A word of caution though. They will eventually ruin your day by migrating to other feeders. So feed them out for a day or two, and then trash the culture.

I hope that helps you.


----------



## IN2DEEP (Aug 7, 2007)

*.*

I thank you for the info. I will be ordering some non-living supplies from you soon. Can ff and spring cultures make it to Daytona (area), Florida? They do look like slow moving whie boogers, 2 funny. I was kinda pist about the culture, all I had to do was hold it in the tank and pick up a piece of paper towel or moss and it looked like it was snowing for a few minutes. Stupid mites! I searched "mites" on this site and read a full page of posts and didn't find what I was looking for, thanks again!
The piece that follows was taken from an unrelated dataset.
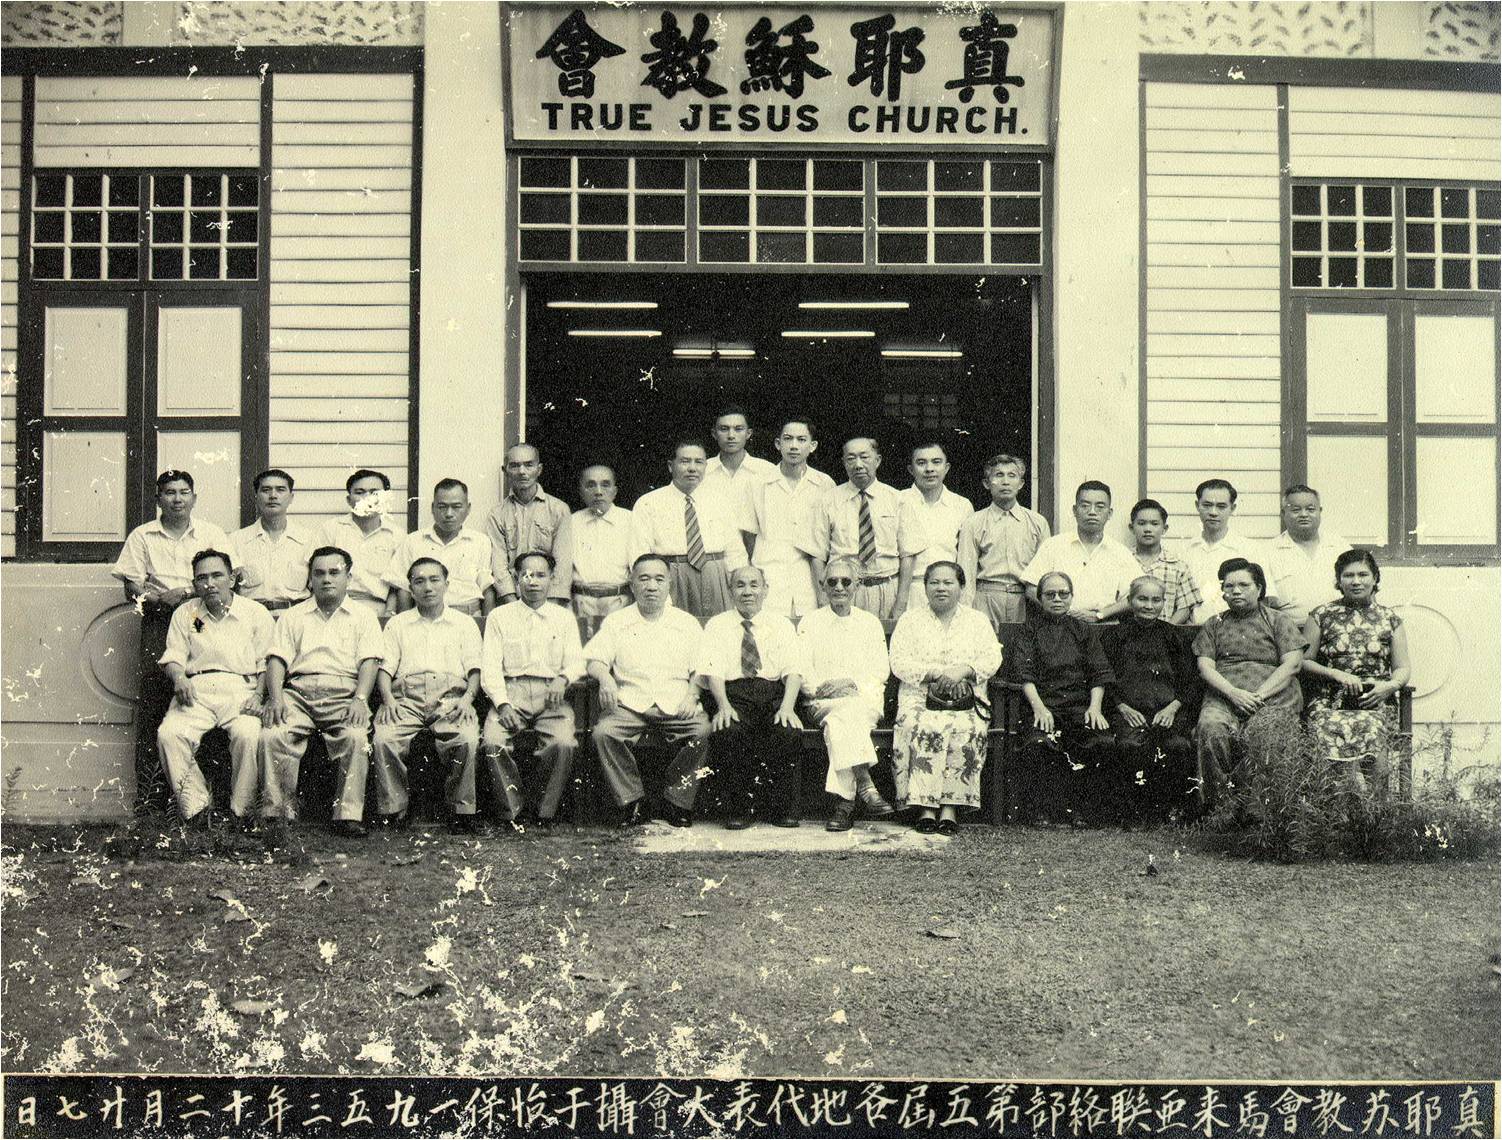 TJC Malaya Coordination Board 5th Annual Meeting in Ipoh 真耶稣教会马来亚各地代表大会于怡保 27/12/1953
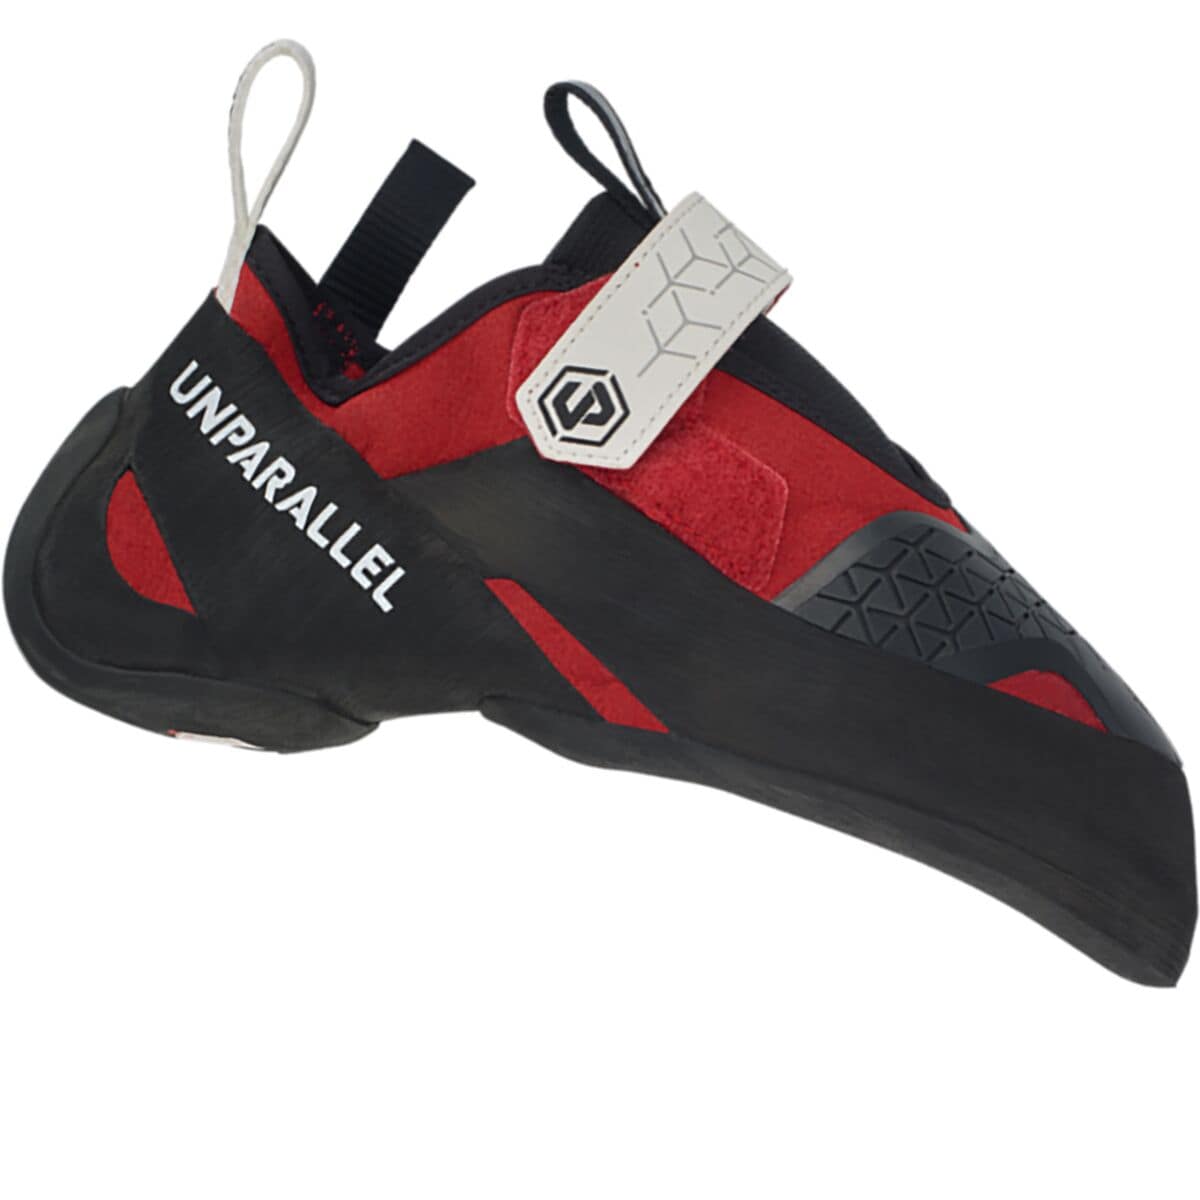 UnParallel Flagship Shoe

Do you know of an pics of a landfill that PDF's have infiltrated? I would like to use as reference for new viv.


----------



## KeroKero (Jun 13, 2004)

I've turned to keeping my springtails on mite paper along with my FFs. Mite infested cultures are kept seperate from infested cultures. Keeps new mites out, and old mites in :twisted: I've got a couple cultures with brown mites in them along with springtails... the cycle varies on how many of what are in those cultures, but its interesting to have them. I plant to toss the mited cultures in frog tanks for really good microfauna. Mites, yum.


----------